*Exercise instructions:*
For this listing, reproduce the line with "Periferiya - Obzor", the line with "f0295 868a7 b0f6b53946939", and the lines between, exactly as they stand. Leave out pictures and all other lines.

*Source records:*
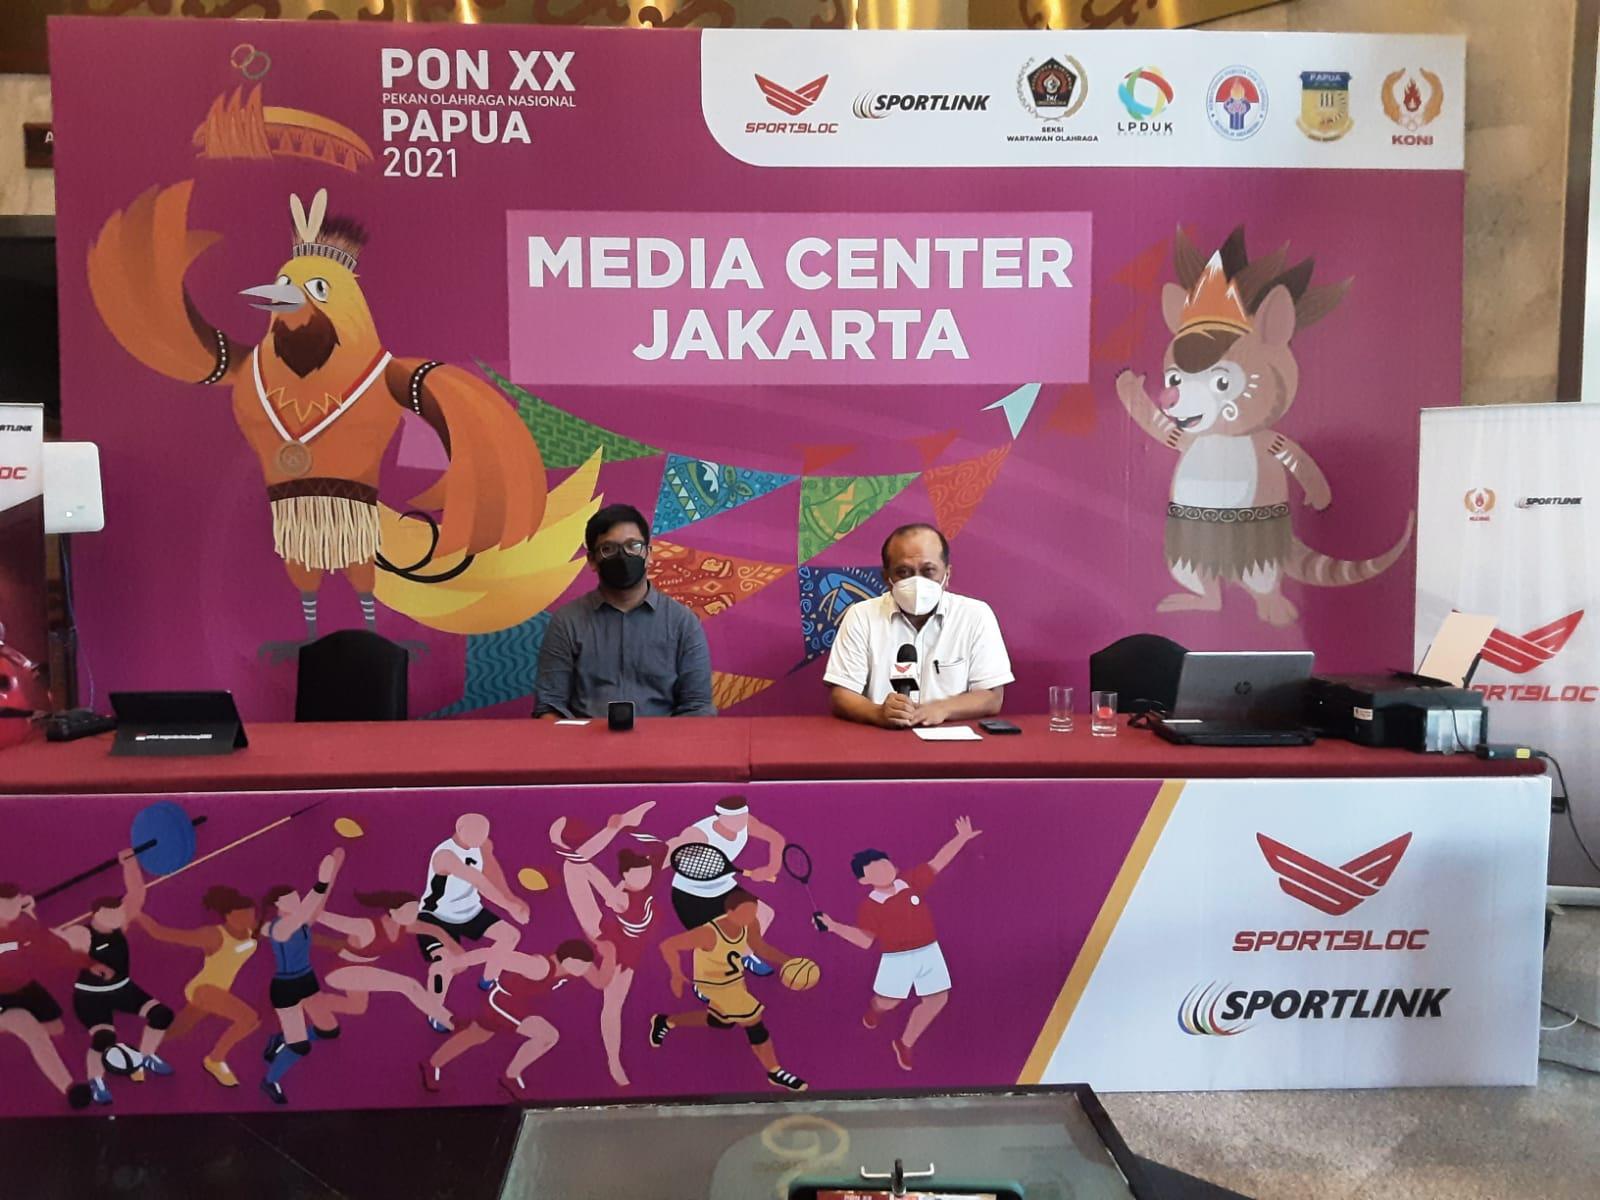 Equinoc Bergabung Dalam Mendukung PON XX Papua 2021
--
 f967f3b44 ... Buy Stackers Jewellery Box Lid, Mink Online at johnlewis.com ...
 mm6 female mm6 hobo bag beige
==
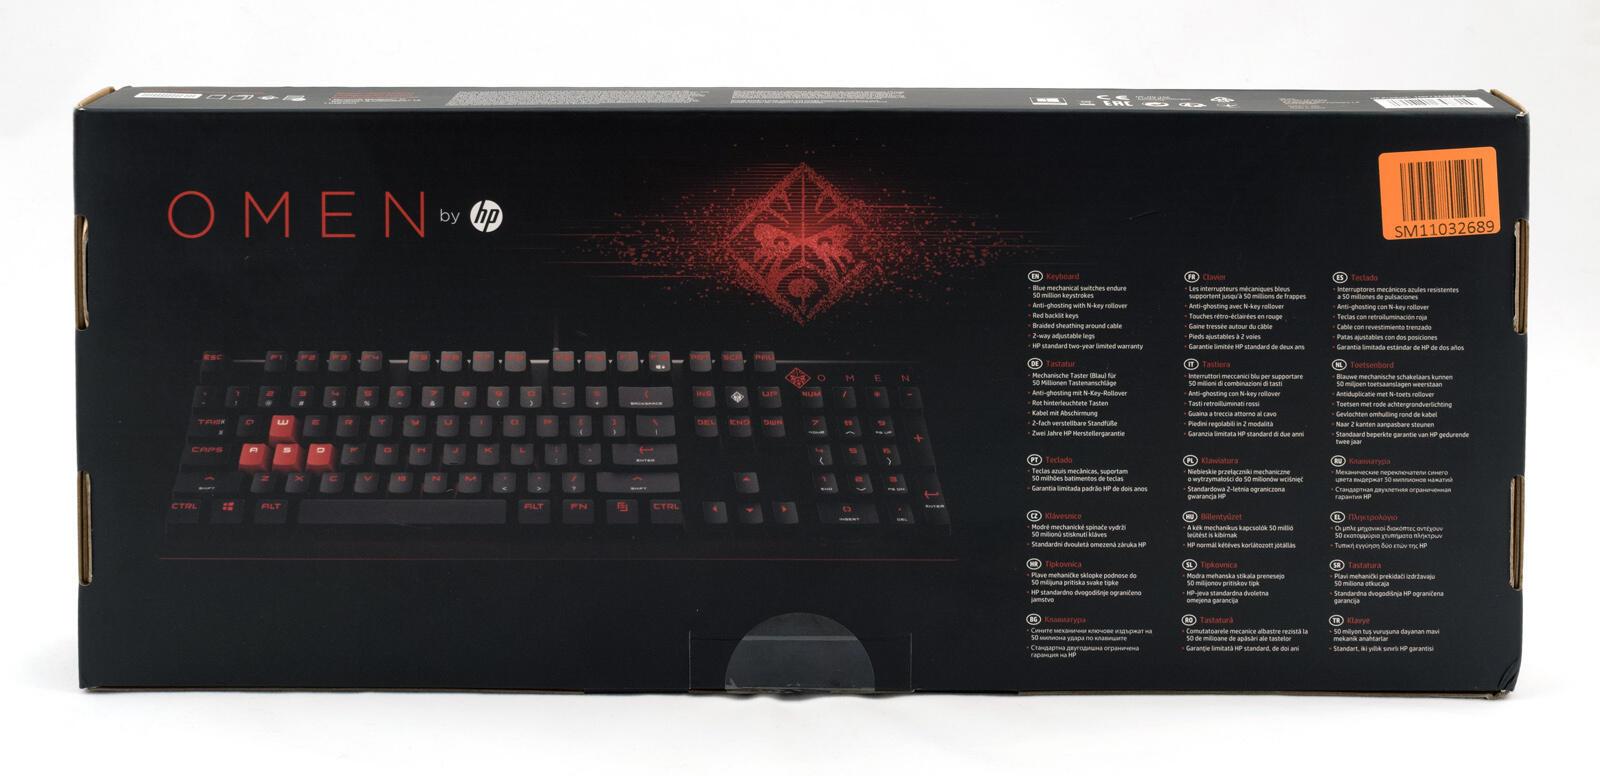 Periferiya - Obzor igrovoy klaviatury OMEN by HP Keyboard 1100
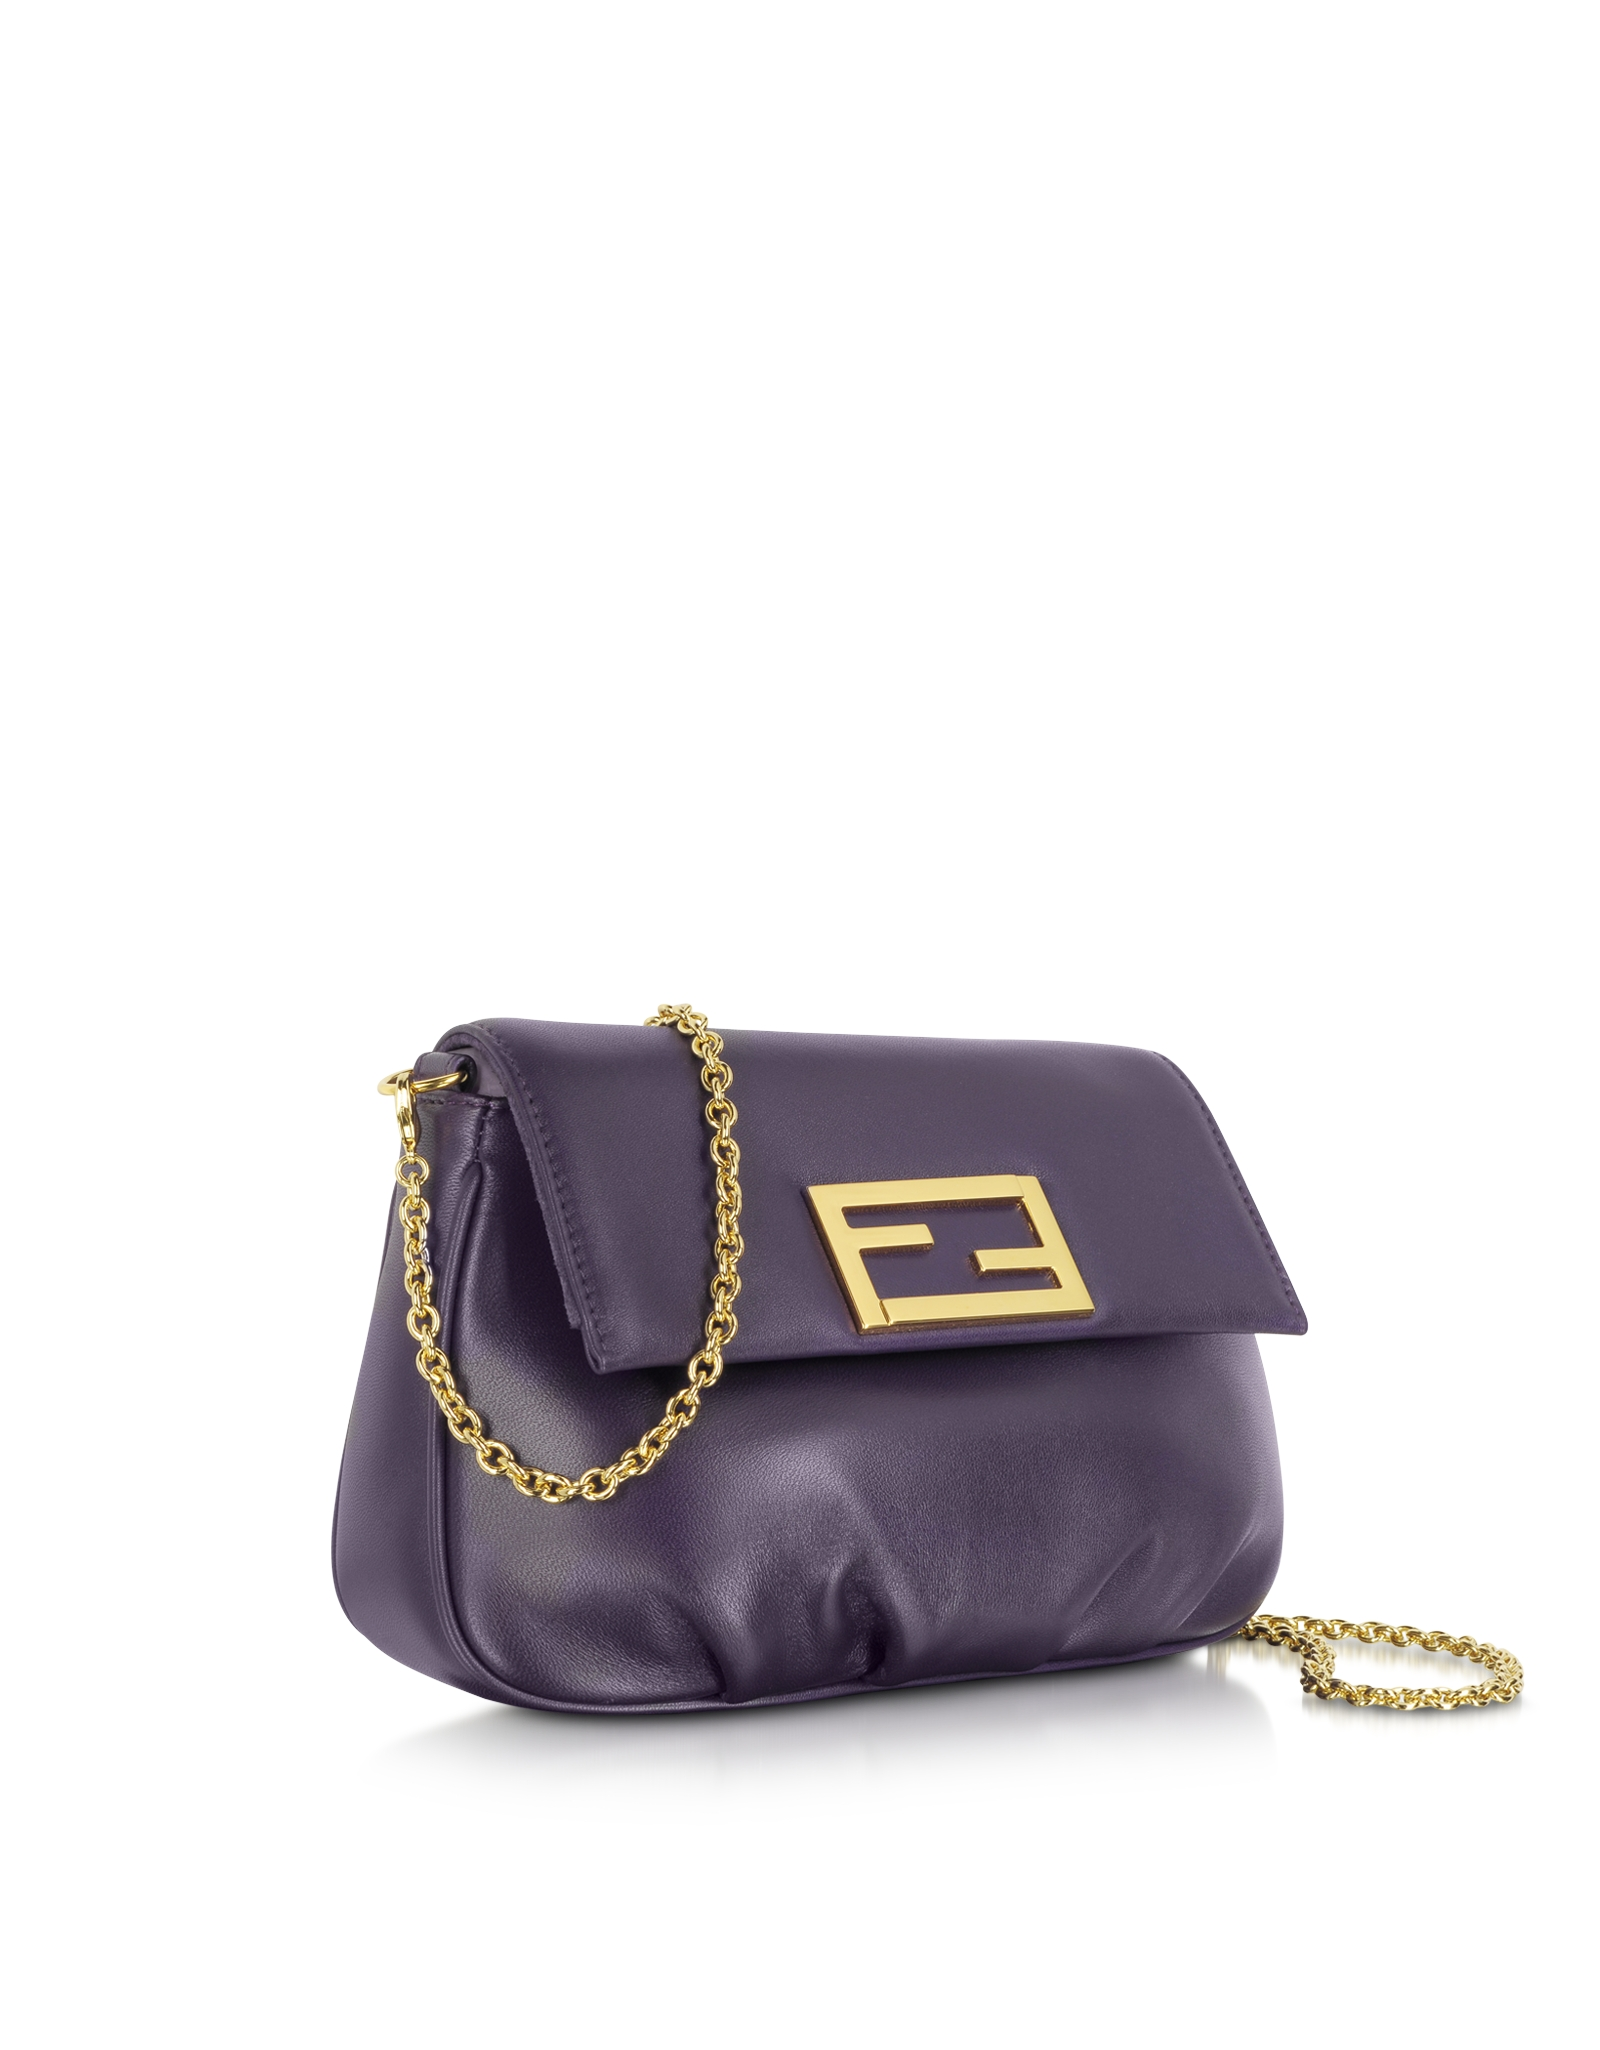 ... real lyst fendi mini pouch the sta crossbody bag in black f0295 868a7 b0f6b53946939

*Solution for this problem:*
 Periferiya - Obzor igrovoy klaviatury OMEN by HP Keyboard 1100
 ... real lyst fendi mini pouch the sta crossbody bag in black f0295 868a7 b0f6b53946939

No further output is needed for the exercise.